British Journal of Pharmacology
- Discipline: Pharmacology
- Language: English
- Edited by: Péter Ferdinandy

Publication details
- Former names: British Journal of Pharmacology and Chemotherapy
- History: 1946–present
- Publisher: Wiley-Blackwell on behalf of the British Pharmacological Society (United Kingdom)
- Frequency: Bi-monthly
- Open access: Delayed (after 12 months)
- Impact factor: 7.7 (2024)

Standard abbreviations
- ISO 4: Br. J. Pharmacol.

Indexing
- CODEN: BJPCBM
- ISSN: 0007-1188 (print) 1476-5381 (web)
- LCCN: 2005204900
- OCLC no.: 01240522

Links
- Journal homepage; Online access; Online archive;

= British Journal of Pharmacology =

English academic journal

The British Journal of Pharmacology is a biweekly peer-reviewed medical journal covering all aspects of experimental pharmacology.

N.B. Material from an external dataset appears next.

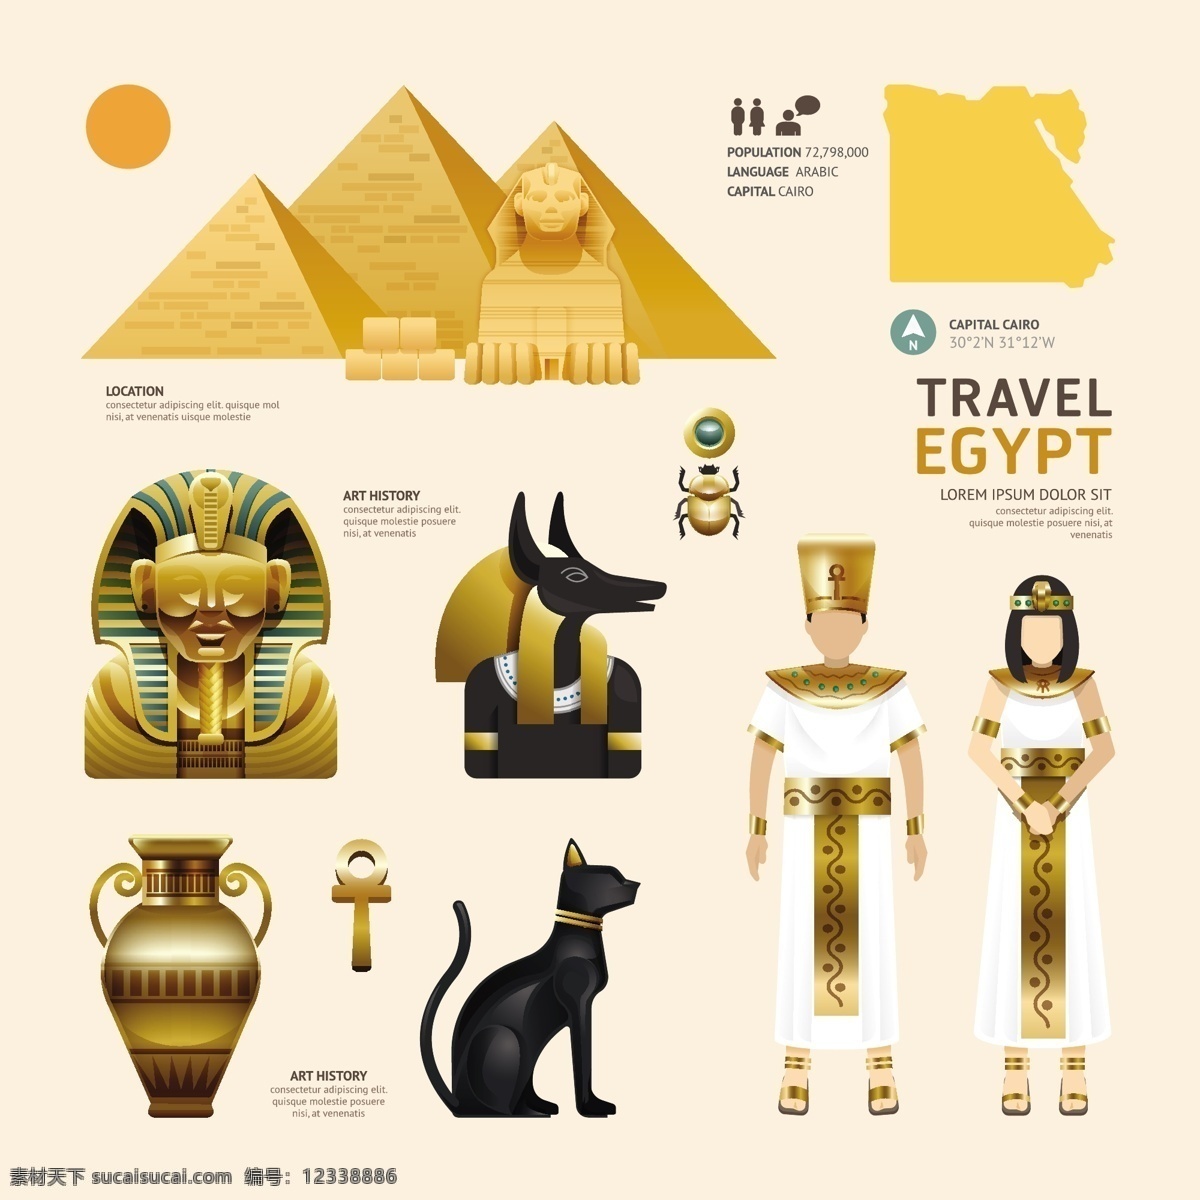 埃及文化元素 金字塔 狮身人面像 甲壳虫猫 法老 罐子 瓷器 埃及旅游 旅行 旅游景点 著名景点 旅游图标 eps格式 底纹边框 背景底纹

It is published for the British Pharmacological Society by Wiley-Blackwell.

The current editor-in-chief is Péter Ferdinandy. Previous editors-in-chief include Amrita Ahluwalia, Ian McGrath , Humphrey Rang, Alan North, Phil Moore, Bill Large, and Tony Birmingham. A sister journal, also published for the British Pharmacological Society by Wiley-Blackwell, is the British Journal of Clinical Pharmacology. The journal publishes research papers, review articles, commentaries and correspondence in all fields of pharmacology. It also publishes themed issues, as well as supplements.

== History ==
The British Journal of Pharmacology was established in 1946 as the British Journal of Pharmacology and Chemotherapy, and originally published by the British Medical Association. In its first few years, many publications in the journal came from exiled German pharmacologists who had resettled in the United Kingdom. The journal obtained its current title in 1968, when the journal moved publisher to Macmillan. It has been published by Wiley-Blackwell since 2009.

==The Concise Guide to PHARMACOLOGY==
The Concise Guide to PHARMACOLOGY is a supplement of the British Journal of Pharmacology, superseding the "Guide to Receptors and Channels", a supplement first published in 2004 and one of two predecessors to the Guide to Pharmacology database. It is produced in association with the Nomenclature Committee of the International Union of Basic and Clinical Pharmacology. The current version, The Concise Guide to PHARMACOLOGY 2025/2026, was published in December 2025, and edited by Stephen Alexander, Eamonn Kelly, Alistair Mathie, John Peters and Emma Veale. This edition is a compilation of the major pharmacological targets divided into seven sections: G protein-coupled receptors, ion channels, catalytic receptors, nuclear receptors, transporters, and enzymes. These are presented with nomenclature guidance and summary information on the best available pharmacological tools, alongside suggestions for further reading. It is freely available online and also available in hard copy. Previous editions of the "Guide to Receptors and Channels" are available through PubMed Central. The content of the "Concise Guide to PHARMACOLOGY" is also available through the online portal Guide to PHARMACOLOGY.

==Abstracting and indexing==
The journal is abstracted and indexed in:

- Academic OneFile
- Academic Search
- BIOSIS Previews
- CAB Abstracts
- Chemical Abstracts
- Chimica
- CINAHL
- Current Contents/Life Sciences
- Elsevier BIOBASE
- Embase
- Global Health
- Index Medicus/MEDLINE/PubMed
- Science Citation Index Expanded
- Scopus
- Tropical Diseases Bulletin

According to the Journal Citation Reports, the journal has a 2024 impact factor of 7.7.